Hacker News new | ask | show | jobs
by osmarks 446 days ago
You could just run a local LLM over every document and ask it "is this related to this query". I don't think you actually want to wait a week (and holding all the documents you might ever want to search would run to petabytes).

(the reasonable way is embedding search, which runs much faster with some precomputation, but you still have to store things)

2 comments

A better way would be to ask the LLM to generate keywords (or queries). And then use old school techniques to find a set of documents, and then filter those using another LLM.
How is that better than embeddings? You’re using embeddings to get a finite list of keywords, throwing out the extra benefits of embeddings (support for every human language, for instance), using a conventional index, and then going back to embeddings space for the final LLM?

That whole thing can be simplified to: compute and store embeddings for docs, compute embeddings for query, find most similar docs.

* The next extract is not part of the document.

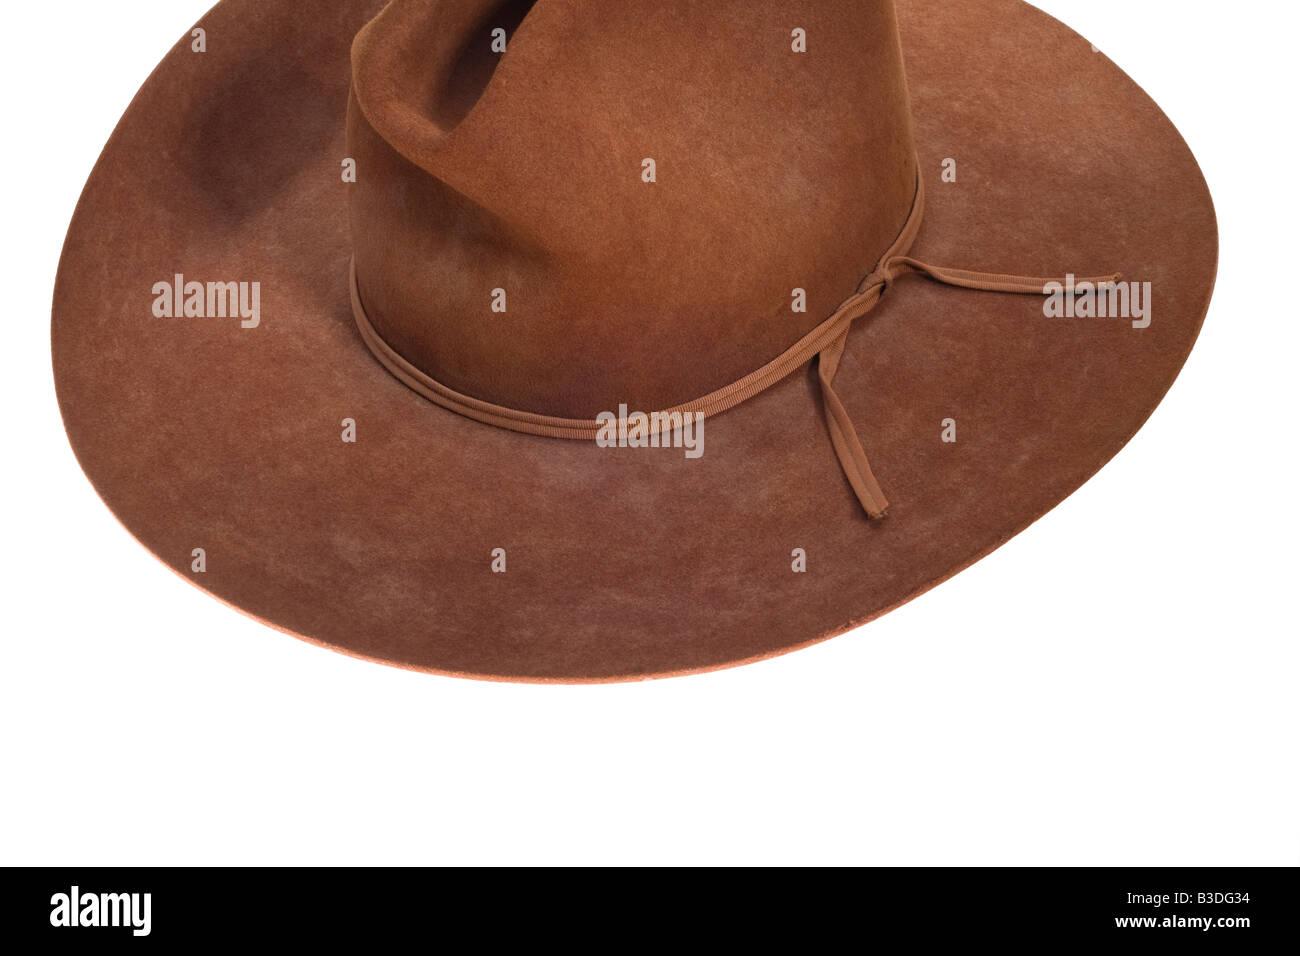 Cowboy Hat Nobody Stock Photos   Cowboy Hat Nobody Stock Images - Alamy 22e88263f115

Yes, you can do the "old school search" part with embeddings.
Ah, I had interpreted “old school search” to mean classic text indexing and Boolean style search. I’d argue that if it’s using embeddings and cosine similarity, it’s not old school. But that’s just semantics.
The entire library of Congress is like 10TB. You don’t need anything near petabytes until you get out of text into rich media.
Common Crawl is petabytes. Anna's Archive is about a petabyte, but it includes PDFs with images.